Pick this if the Van Laar family’s dominion over a working community and the grit of small-town survival were what gripped you; this one emphasizes rural, class-stratified stakes and hard choices.
Sharp Objects
Gillian Flynn
Reporter returns home to a small town of missing girls and toxic family ties.
Pick this if you liked the idea of an outsider or reporter returning and finding a small town’s toxic family ties complicating every lead.
Little Fires Everywhere
Celeste Ng
Family secrets and class tensions ignite devastating consequences in a community.
Pick this if you were interested in the combustible mix of family secrets and social standing — read this when the social fracture lines are the main draw.
The Thirteenth Tale
Diane Setterfield
Gothic family secrets and a vanished past unravel through storytelling.
Pick this if you wanted a literary, at-times-romanticized unraveling of family myth and identity rather than a strictly procedural mystery.
We Were the Mulvaneys
Joyce Carol Oates
Family collapse and community judgment after a traumatic, secret event.
Pick this if you were focused on how a traumatic secret can precipitate public shame and private implosion within a once-stable family.
The Light Between Oceans
M.L. Stedman
A child's disappearance and moral fallout in an isolated coastal community.
Pick this if you wanted a quieter, moral study of how a child’s disappearance reshapes intimate choices in an isolated community — note this is more moral drama than investigatory mystery.
At a glance
Matches were chosen on three dimensions most central to this novel: a community shaped by a single family or employer, a missing-child mystery that dredges up past wounds, and a literary focus on how secrets and class tensions deform relationships.
| Book | First published | Pages | Closest match on | Match |
|---|---|---|---|---|
In the Woods Tana French | 2001 | 578 | Haunted investigator & past | 92% |
Mystic River Dennis Lehane | 2001 | 493 | Traumatic community fallout | 90% |
The Secret History Donna Tartt | 1992 | 608 | Privileged insiders' secrets | 88% |
Winter's Bone Daniel Woodrell | 2006 | 203 | Rural grit & survival | 86% |
Sharp Objects Gillian Flynn | 2006 | 312 | Return-home investigation | 85% |
Little Fires Everywhere Celeste Ng | 2014 | 384 | Family & class tensions | 83% |
The Thirteenth Tale Diane Setterfield | 2006 | 416 | Gothic family tone | 80% |
We Were the Mulvaneys Joyce Carol Oates | 1996 | 454 | Family collapse & judgment | 78% |
The Light Between Oceans M.L. Stedman | 2012 | 352 | Moral fallout of loss | 76% |
About God of the Woods
God of the Woods is a literary mystery that begins with the 1975 disappearance of thirteen-year-old Barbara Van Laar from her family’s Adirondack summer camp.
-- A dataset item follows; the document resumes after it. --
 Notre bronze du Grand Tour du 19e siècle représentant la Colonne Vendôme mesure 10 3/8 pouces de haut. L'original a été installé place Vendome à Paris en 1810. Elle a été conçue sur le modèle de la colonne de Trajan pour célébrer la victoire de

The plot is framed by the Van Laar dynasty’s control over the camp and the local economy, and by an earlier, unresolved disappearance of Barbara’s brother fourteen years prior.
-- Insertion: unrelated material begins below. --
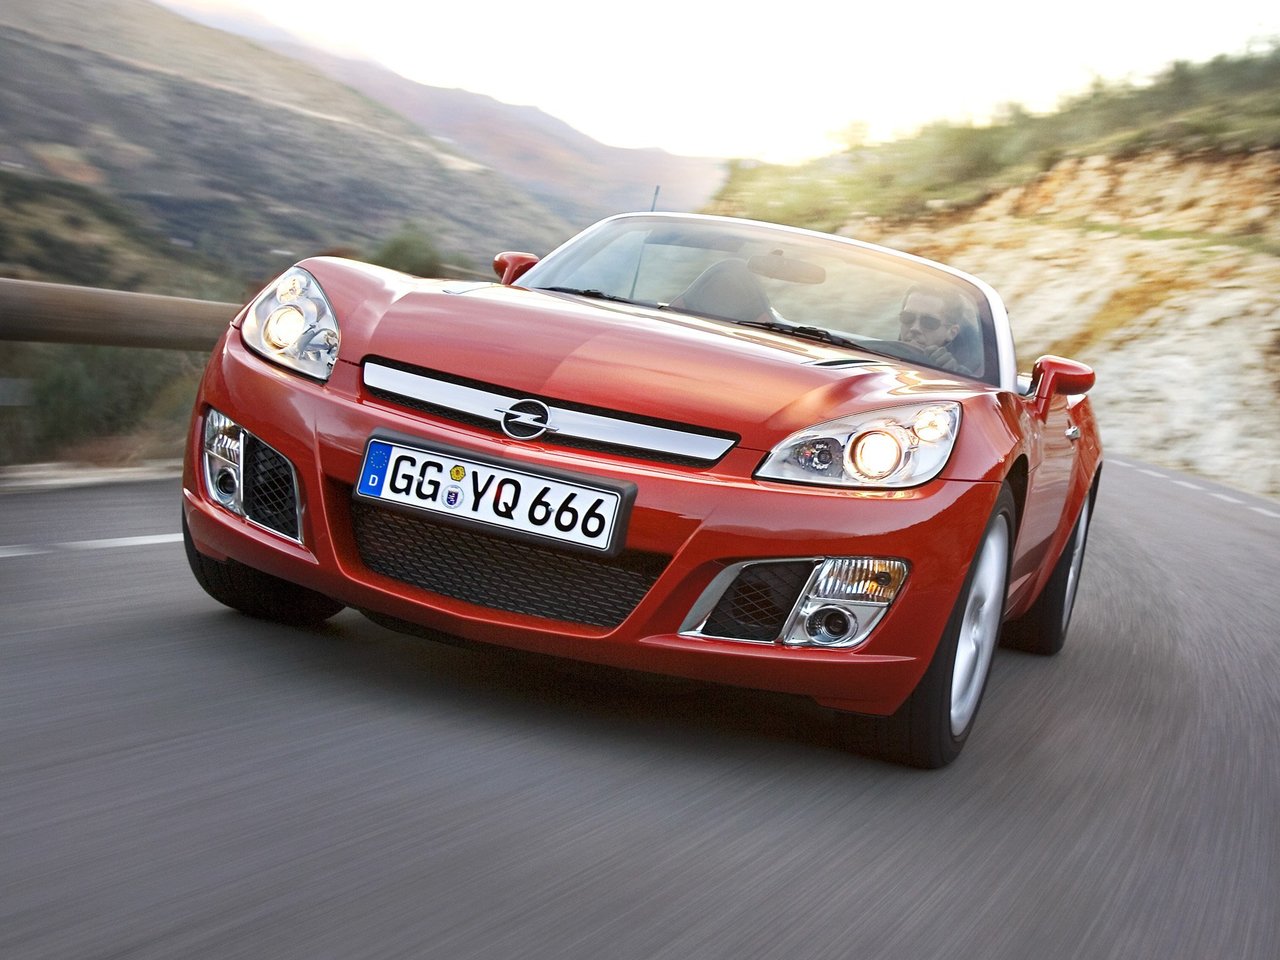 Снижаем расход Opel GT на топливо, устанавливаем ГБО

Frequently asked questions
What should I read after God of the Woods?+
If you want another novel where a child’s disappearance exposes community wounds, try Mystic River. For a missing-child case haunted by an investigator’s past, In the Woods is the closest match. If your interest is the corrosive effects of family privilege, The Secret History and Little Fires Everywhere foreground insiders and the damage they do.
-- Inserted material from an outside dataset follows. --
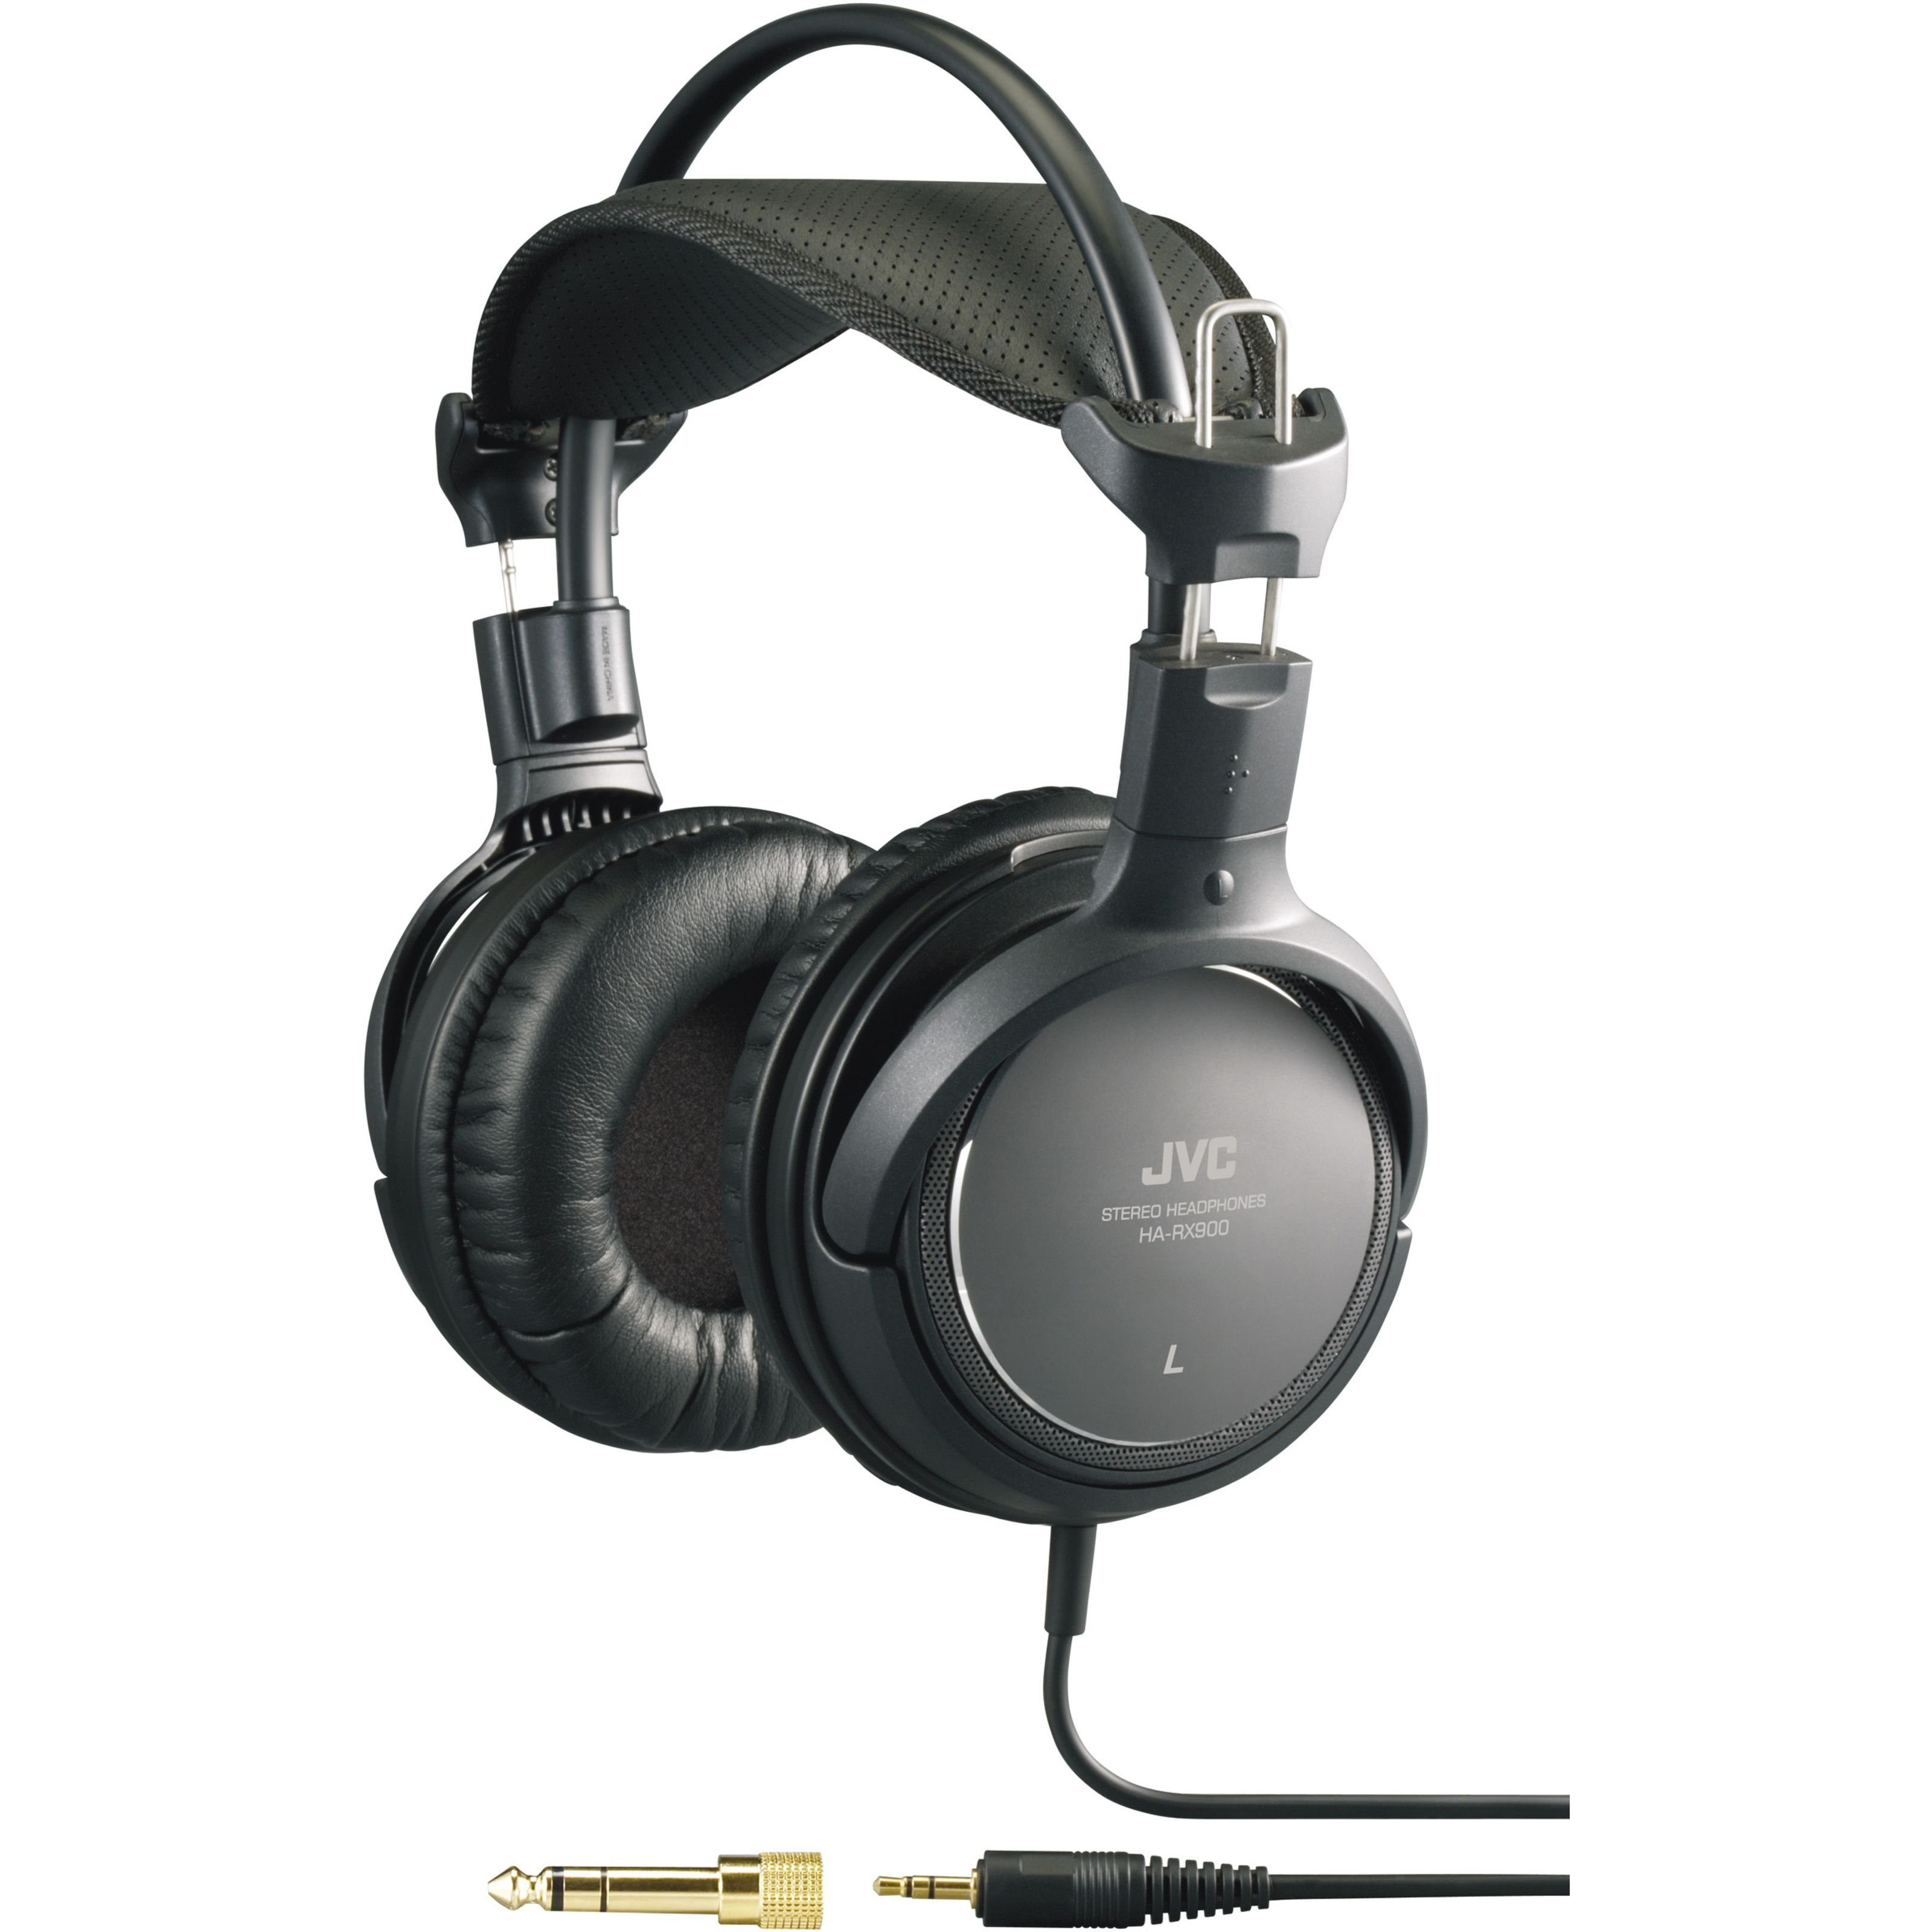 Kopfhörer) Over-Ear-Kopfhörer (HA-RX 900 JVC

Which pick most closely mirrors the small-town, working-class economy in the Van Laar setting?+
Winter’s Bone is the best fit for a hard-pressed rural community where kinship, survival and local economies shape every choice; it shares the novel’s gritty attention to class-stratified stakes.
Are there picks that focus more on psychological family portraiture than on the mystery itself?+
Yes. The Thirteenth Tale and We Were the Mulvaneys prioritize family histories and the fallout of secrecy; they are stronger on domestic aftermath than on procedural investigation.
Which of these is most like a reporter or outsider returning to investigate?+
Sharp Objects centers on a return to a hometown and the toxic family ties that complicate investigation, so it matches that observer-come-home perspective.